R0023/2026-03-25/Q001/SRC05/E01¶
Prompt tweaks produce 60-point accuracy swings on individual questions that average out in aggregate, masking critical per-question variability.
URL: https://gail.wharton.upenn.edu/research-and-insights/tech-report-prompt-engineering-is-complicated-and-contingent/
Extract¶
At the strictest threshold (100% accuracy across 100 repetitions), GPT-4o performed barely better than random guessing (30.28%), while at lower thresholds it reached 47.54%. Saying "Please" versus "I order you" produced performance swings up to 60 percentage points on individual questions, yet these differences "balance out across the full dataset."
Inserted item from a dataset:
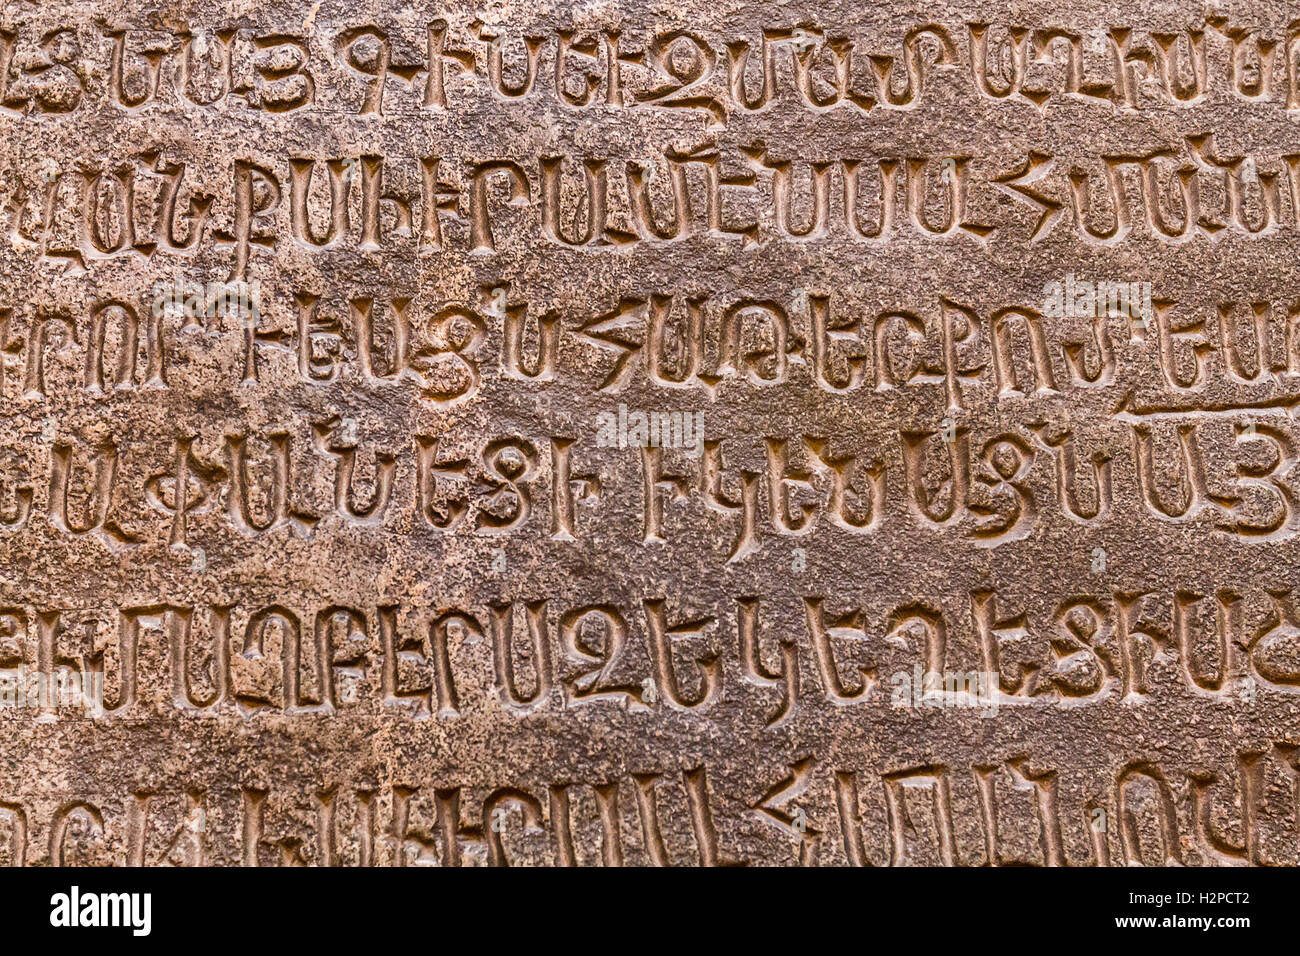 Armenian inscriptions in the Matenadaran Museum in Yerevan, Armenia. Stock Photo

This means aggregate benchmarks mask critical per-question variability. A prompt technique that appears neutral in aggregate may be simultaneously helping some questions and harming others. Single-attempt testing methods obscure reliability issues critical for high-stakes deployment.
Relevance to Hypotheses¶
| Hypothesis | Relationship | Strength |
|---|---|---|
| H1 | Supports | Demonstrates that techniques which appear neutral in aggregate can be actively counterproductive on specific questions |
| H2 | Partially supports | The aggregate view does show techniques "working" — it's only at the per-question level that harm becomes visible |
| H3 | Strongly supports | This is the core evidence for H3 — effectiveness is contingent on the specific question, model, and measurement threshold |
Context¶
This finding has profound implications for how prompt engineering advice is evaluated. Most popular guides test techniques with a handful of examples and report whether they "worked." The Wharton methodology reveals that this approach is fundamentally inadequate — you need hundreds of repetitions with multiple thresholds to detect the variability that single-attempt testing hides.